Where would you move it?

> > +        //
> > +        // SAFETY: If `current`'s pid ns is non-null, then it references a valid pid ns.
> > +        // Furthermore, the returned `&PidNamespace` borrows from this `CurrentTask`, so it cannot
> > +        // escape the scope in which the current pointer was obtained.
> > +        Some(unsafe { PidNamespace::from_ptr(active_ns) })
> > +    }
>
> Can we move the impl block and the struct definition next to each other?

I could move the definition of CurrentTask down, but I'm not really
convinced that it's an improvement.

Alice

Re: [PATCH v11 8/8] task: rust: rework how current is accessed

Posted by Andreas Hindborg 1 year, 1 month ago

"Alice Ryhl" <aliceryhl@google.com> writes:

> On Mon, Dec 16, 2024 at 3:51 PM Andreas Hindborg <a.hindborg@kernel.org> wrote:
>>
>> "Alice Ryhl" <aliceryhl@google.com> writes:
>> > +impl CurrentTask {
>> > +    /// Access the address space of the current task.
>> > +    ///
>> > +    /// This function does not touch the refcount of the mm.
>> > +    #[inline]
>> > +    pub fn mm(&self) -> Option<&MmWithUser> {
>> > +        // SAFETY: The `mm` field of `current` is not modified from other threads, so reading it is
>> > +        // not a data race.
>> > +        let mm = unsafe { (*self.as_ptr()).mm };
>> > +
>> > +        if mm.is_null() {
>> > +            return None;
>> > +        }
>> > +
>> > +        // SAFETY: If `current->mm` is non-null, then it references a valid mm with a non-zero
>> > +        // value of `mm_users`. Furthermore, the returned `&MmWithUser` borrows from this
>> > +        // `CurrentTask`, so it cannot escape the scope in which the current pointer was obtained.
>> > +        //
>> > +        // This is safe even if `kthread_use_mm()`/`kthread_unuse_mm()` are used.

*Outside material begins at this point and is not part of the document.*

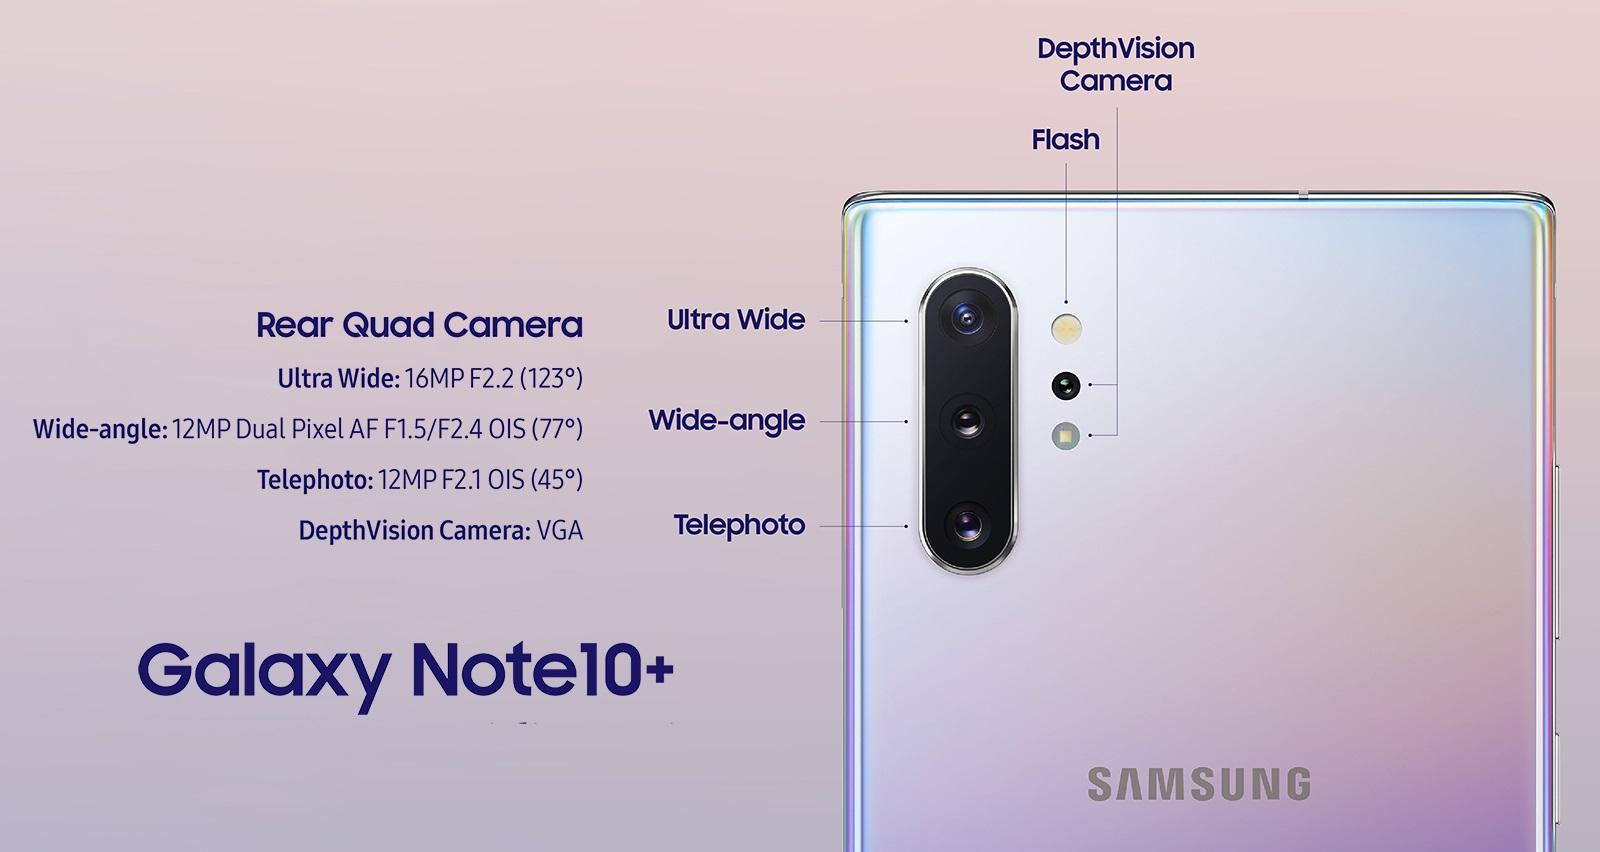 أقوى الهواتف المتوفرة في السوق المصري على مستوى الكاميرا الخلفية

There are two
>> > +        // relevant cases:
>> > +        // * If the `&CurrentTask` was created before `kthread_use_mm()`, then it cannot be
>> > +        //   accessed during the `kthread_use_mm()`/`kthread_unuse_mm()` scope due to the
>> > +        //   `NotThreadSafe` field of `CurrentTask`.
>> > +        // * If the `&CurrentTask` was created within a `kthread_use_mm()`/`kthread_unuse_mm()`
>> > +        //   scope, then the `&CurrentTask` cannot escape that scope, so the returned `&MmWithUser`
>> > +        //   also cannot escape that scope.
>> > +        // In either case, it's not possible to read `current->mm` and keep using it after the
>> > +        // scope is ended with `kthread_unuse_mm()`.
>>
>> I guess we don't actually need the last section until we see
>> `ktread_use_mm` / `kthread_unuse_mm` abstractions in tree?
>
> I mean, there could be such a scope in C code that called into Rust?

👍

>> > +        Some(unsafe { MmWithUser::from_raw(mm) })
>> > +    }
>> > +
>> > +    /// Access the pid namespace of the current task.
>>
>> Is it an address space or a memory map(ping)? Can we use consistent vocabulary?
>
> Neither. It's a pid namespace which has nothing to do with address
> spaces or memory mappings. This part of this patch is moving an
> existing abstraction to work with the reworked way to access current.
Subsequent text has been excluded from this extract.